There are three things that Tim wants to accomplish to maintain his EAP performance:

  • Find a way to consistently apply configuration to EAP instances.
    He defines a template for JBoss EAP instances (Section 5.3, “Creating a Drift Definition Template”). To maintain consistency, the template sets the Attach to template value to true, and each resource-level drift definition will preserve that settings. This ensures that any changes to the template are automatically applied to the JBoss resource drift definitions.
  • Use his current production settings as a basis for future EAP instances.
    He pins his latest snapshot, with the higher heap settings, to the template definition (Section 5.6.4, “Pinning to a Template”). Every EAP instance is going to be compared against that baseline, so any with the wrong heap setting will immediately be marked out of compliance.
  • Be made aware of specific differences between his current EAP settings and his preferred settings.

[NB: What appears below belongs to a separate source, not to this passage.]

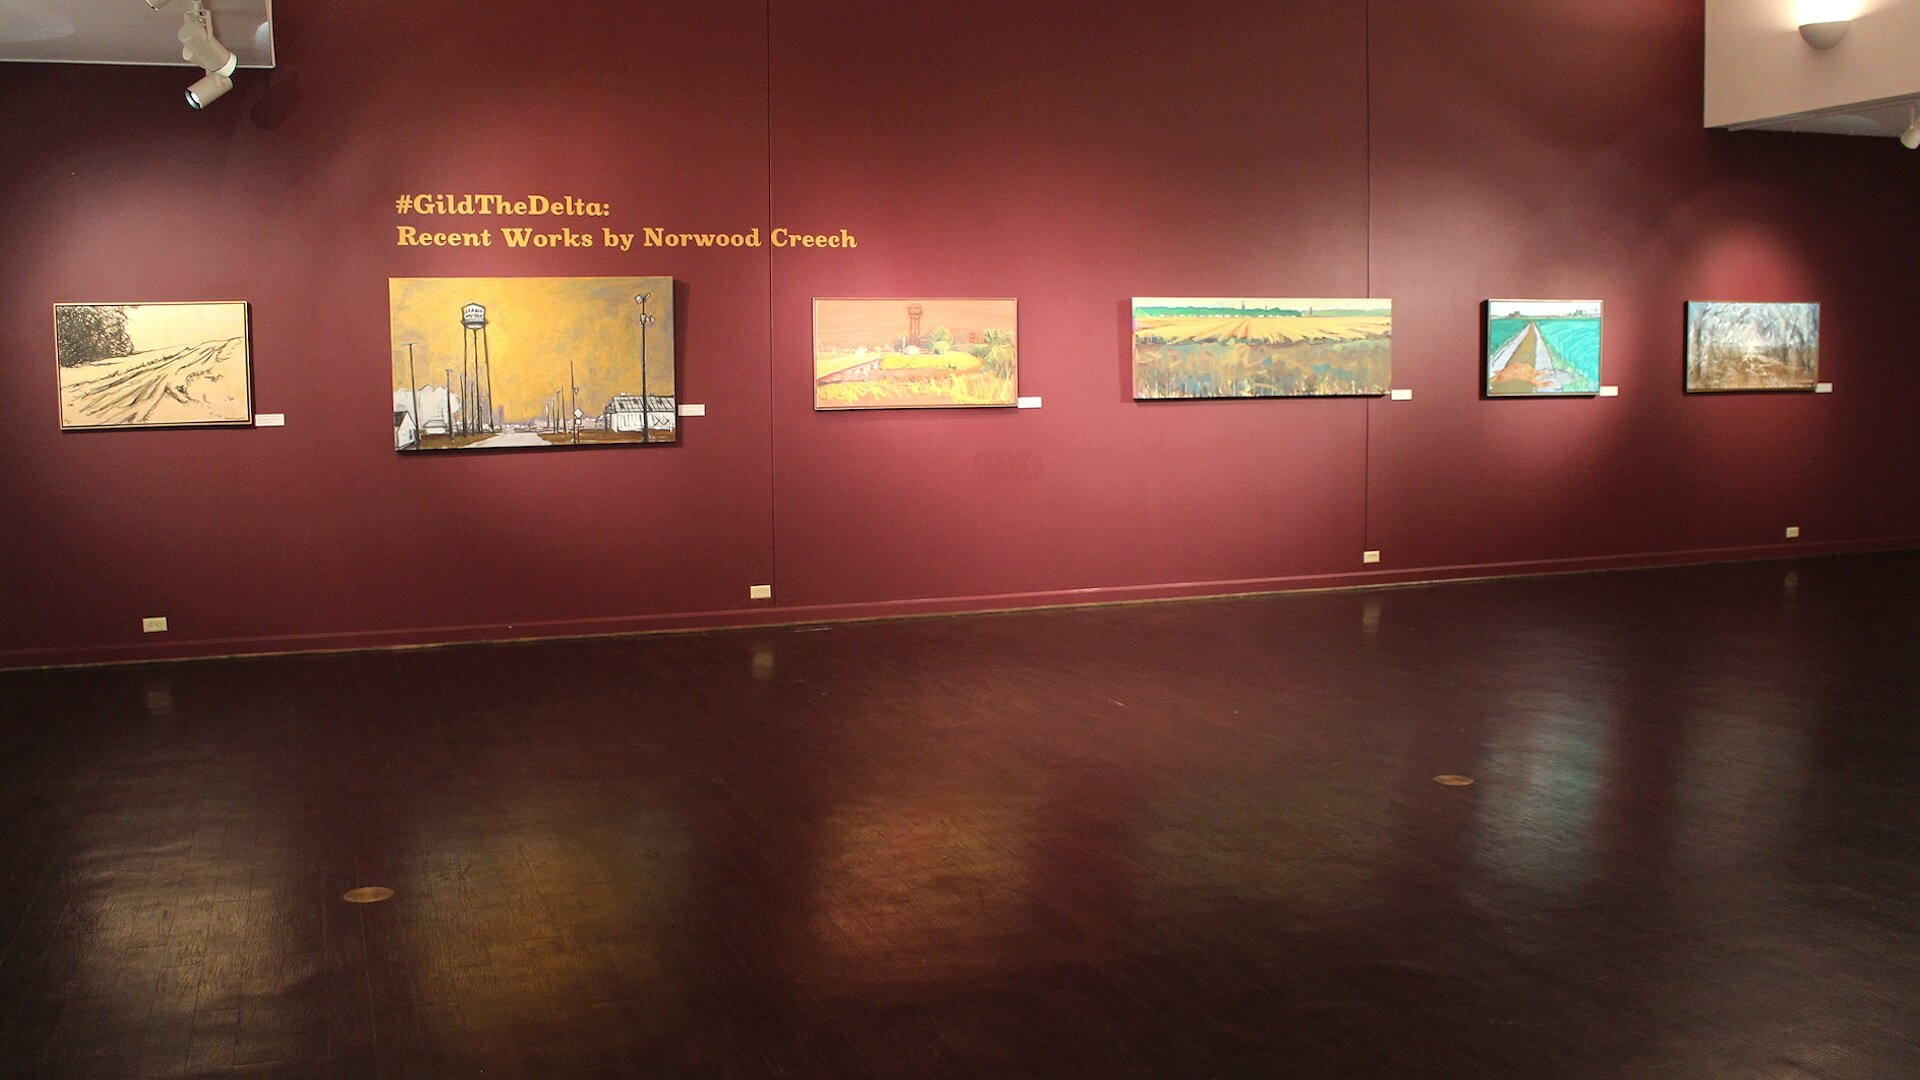 #GildtheDelta: Recent Works by Norwood Creech

    He creates an alert definition (Section 5.8, “Defining Drift Alerts”) which specifically targets the bin/run.conf file. This way, he knows precisely whether the heap settings and other JVM settings are wrong for his new instance. He can even use alerts to gather more information about how his EAP instance configuration is different, like using a CLI script to compare the current EAP configuration against the pinned snapshot and then send him the diff.
Expected Results

Tim brings a new server online, with a new EAP instance for the production environment. He applies the drift template to the new resource and, within a few minutes, receives a notification that his run.conf file is not compliant with his preferred configuration. He changes the heap settings on the new EAP instance without having to wait for performance degradation to remember the change.